I have a function $f\in L^1(\mathbb{R},\mathbb{R})$ such that $$\int_{[0,x]}f(t)\:\mathrm{d}t=0,\qquad\forall x>0\qquad\text{and}\qquad \int_{[x,0]}f(t)\:\mathrm{d}t=0,\qquad\forall x<0.$$
I want to prove that if $g$ is a continuous function with compact support, then $f\star g=0$.

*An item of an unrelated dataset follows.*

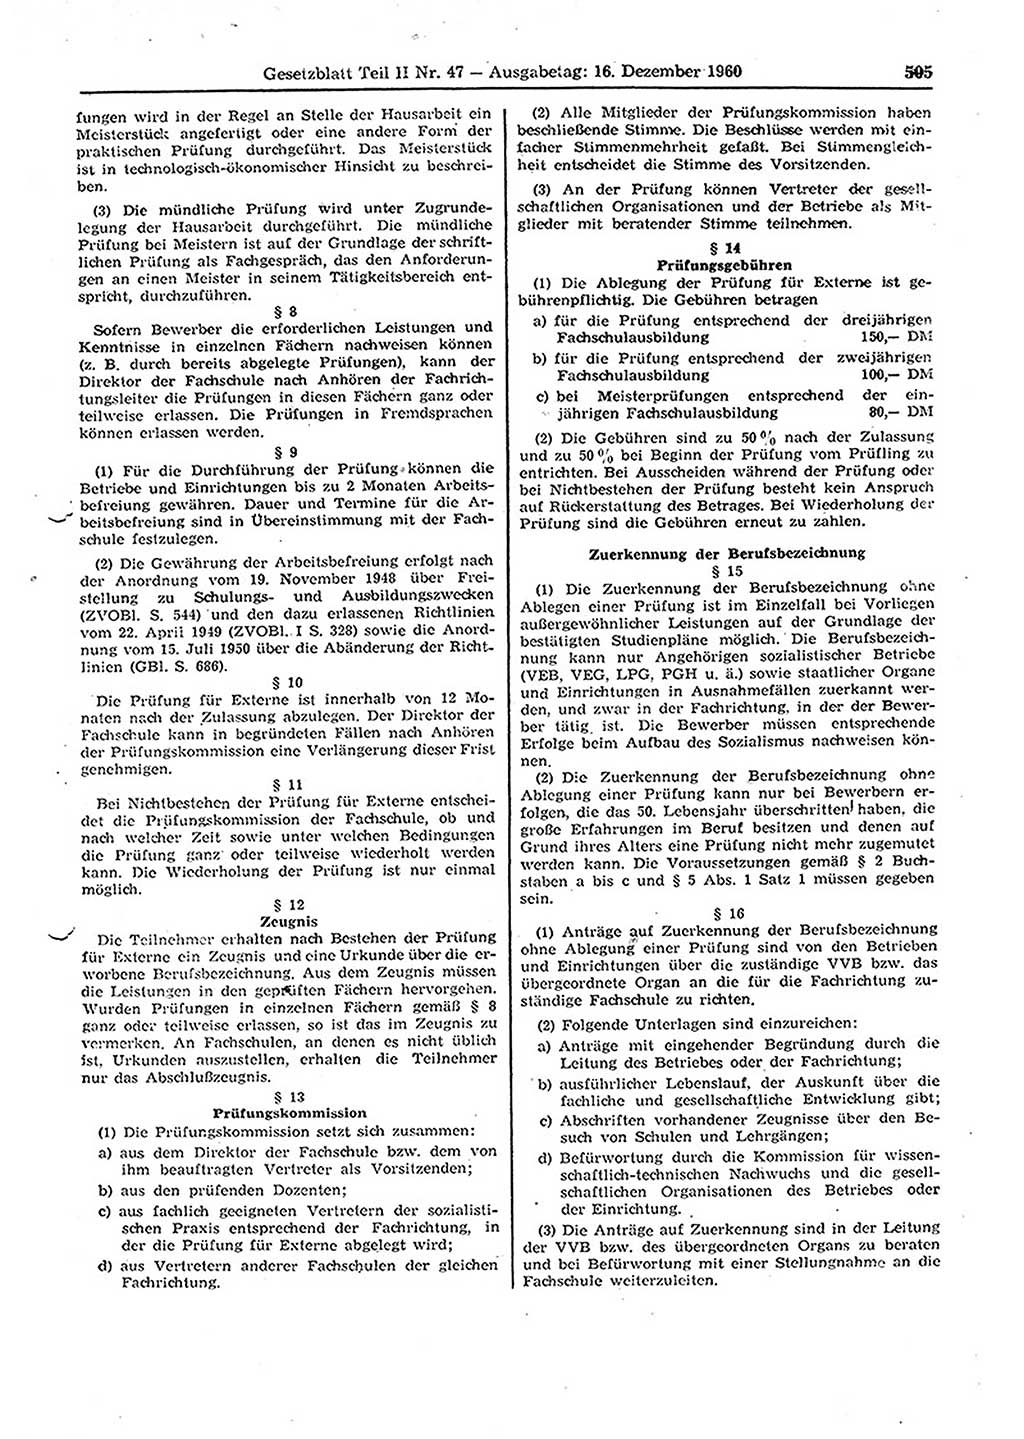 Gesetzblatt (GBl.) der Deutschen Demokratischen Republik (DDR) Teil ⅠⅠ 1960, Seite 505 (GBl. DDR ⅠⅠ 1960, S. 505)

For that, I know that it exists $M>0$ such that $\text{supp}(g)\subset[-M,M]$. Then, $$|f\star g(x)|=\left|\int_{-M}^M f(x-t)g(t)\:\mathrm{d}t\right|\leq \int_{-M}^M |f(x-t)g(t)|\:\mathrm{d}t\leq \left(\sup_{-M\leq t\leq M}|g(t)|\right)\int_{-M}^M |f(x-t)|\:\mathrm{d}t.$$ That is, if is enough to show that for all $x\in\mathbb{R}$, $\int_{-M}^M |f(x-t)|\:\mathrm{d}t=0$. That seems really plausible to me. However it can't seem to prove it.
I also want to use that $f\star g=0$ to show that $f=0$ almost everywhere. For that I thought about using a nice $g$. If I could use $g=\chi_I$ for any interval $I$, I could use Lebesgue derivation theorem. But such function is not continuous.